Aromanticism dealt explicitly with romantic detachment, with the experience of being outside the cultural assumption that romantic love is both available and desirable to everyone. grae expands that territory considerably. Where the debut was focused on a single mode of non-belonging, the follow-up is interested in non-belonging as a general condition, as a philosophical position, as something that can be inhabited with rigor rather than lamented with feeling.
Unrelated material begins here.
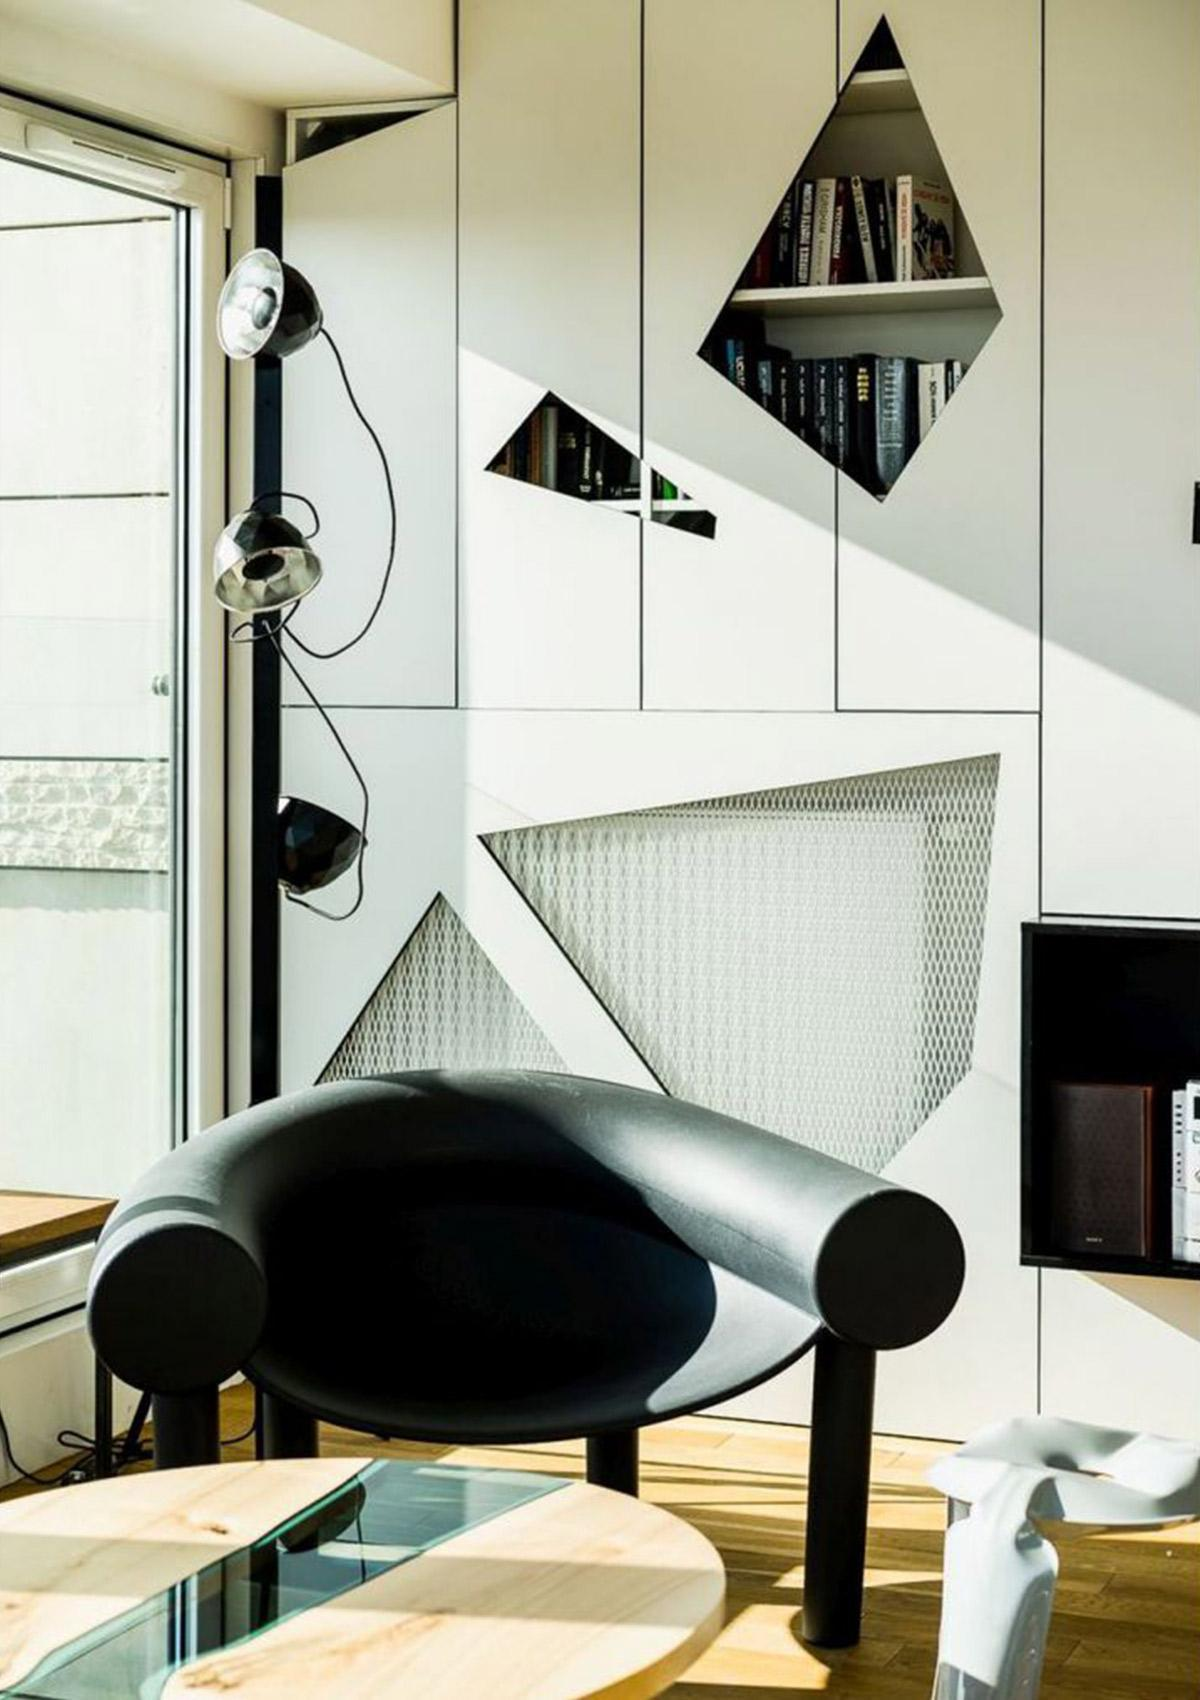 Thiết kế nội thất căn hộ Penthouse với những mảng hình học bất đối xứng cực kỳ lạ mắt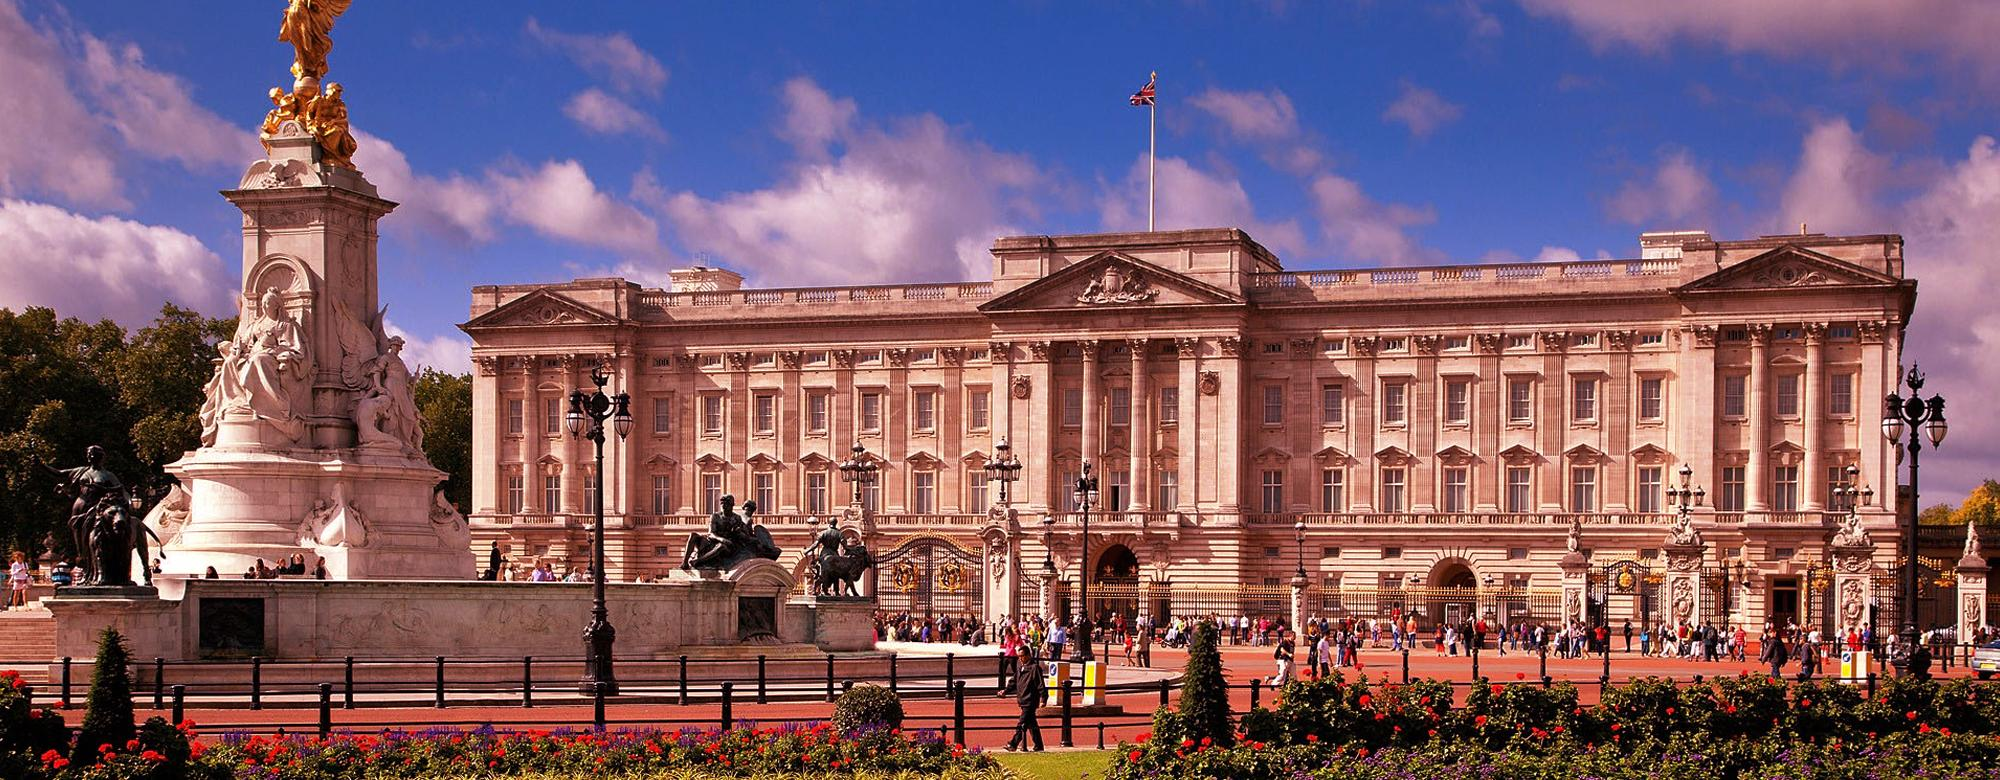 Buckingham Palace Exterior

That distinction matters because it keeps grae from collapsing into self-pity. Sumney is not asking for sympathy. He is building a case. The album accumulates evidence across its runtime that the gray spaces, the unclassified, the neither-nor, are not failures of definition but accurate descriptions of experience that language and genre have simply not caught up to yet.

What Remains

grae's lasting quality is the way it makes the listening experience feel like an ongoing discovery rather than a completed one. On the first listen, you are orienting yourself to its world. On the fifth, you are finding things that were there from the beginning but that only become audible once you understand the album's internal logic. A harmonic choice in the third track resonates differently after you have heard how the album ends. A lyric that sounds abstract early on acquires weight after the spoken interludes have given you the vocabulary to hear it correctly.

That quality is rare in contemporary music, not because contemporary artists lack ambition, but because the economic incentives of streaming push strongly against it. Sumney made a record for listeners willing to invest time and attention. That choice is legible on every track, and the listeners who have found grae on those terms have not let go of it.